THE PROBLEM =>
Starting at the line that has "Too Fast | Witch" and stopping after the line that has "Seat map for", reproduce the listing below exactly; omit everything else.

RECORDED INFORMATION =>
☆ ☆ ☆ ☆
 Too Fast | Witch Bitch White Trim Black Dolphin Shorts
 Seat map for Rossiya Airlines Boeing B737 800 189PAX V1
☆ ☆ ☆ ☆
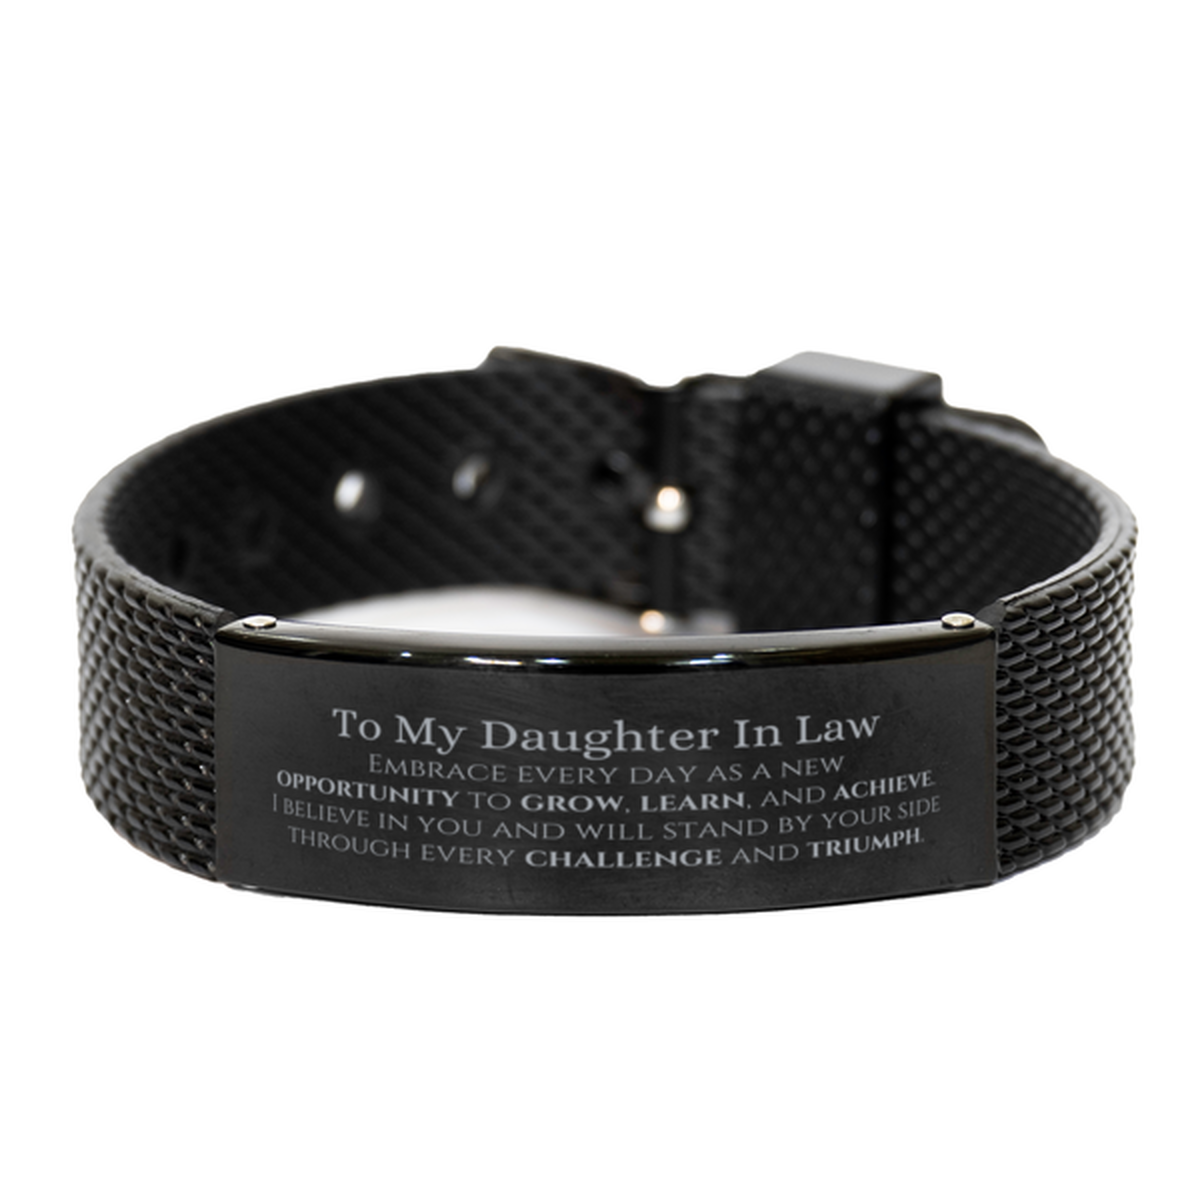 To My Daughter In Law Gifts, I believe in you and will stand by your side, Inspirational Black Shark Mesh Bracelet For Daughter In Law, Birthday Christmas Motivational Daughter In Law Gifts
☆ ☆ ☆ ☆
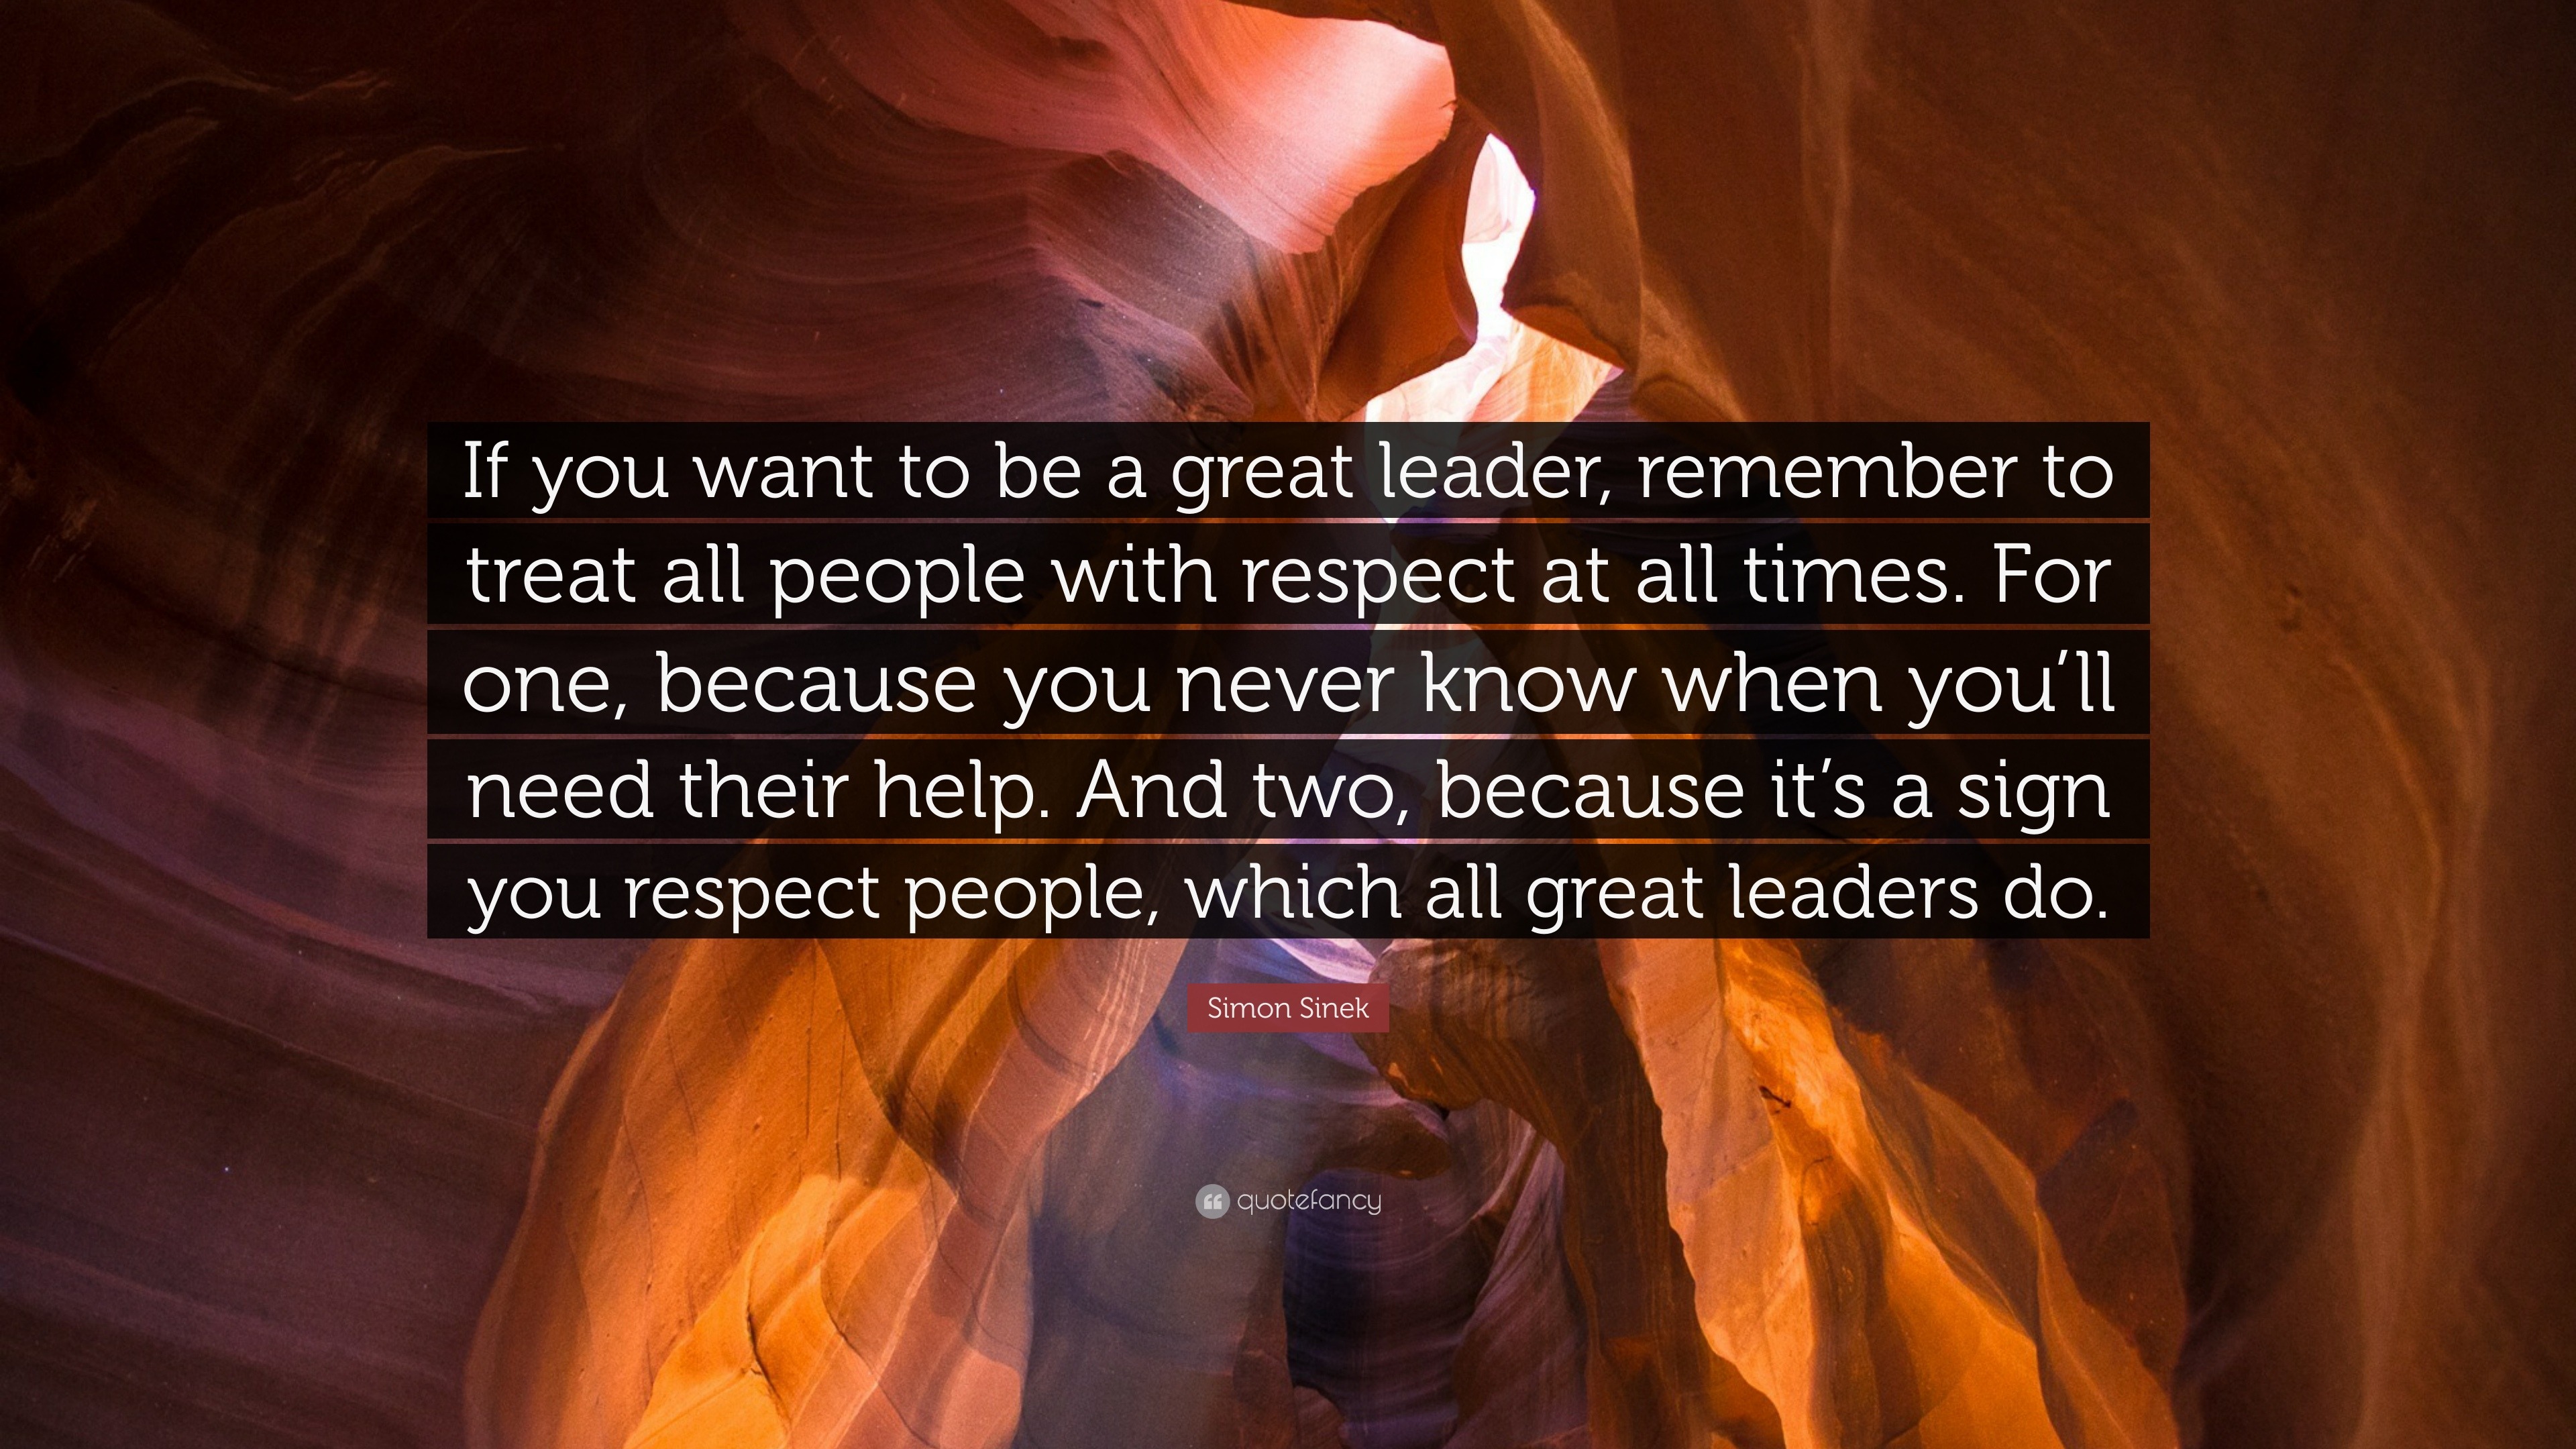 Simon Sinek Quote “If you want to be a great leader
☆ ☆ ☆ ☆
SOLUTION FOR THIS EXERCISE =>
 Too Fast | Witch Bitch White Trim Black Dolphin Shorts
 Seat map for Rossiya Airlines Boeing B737 800 189PAX V1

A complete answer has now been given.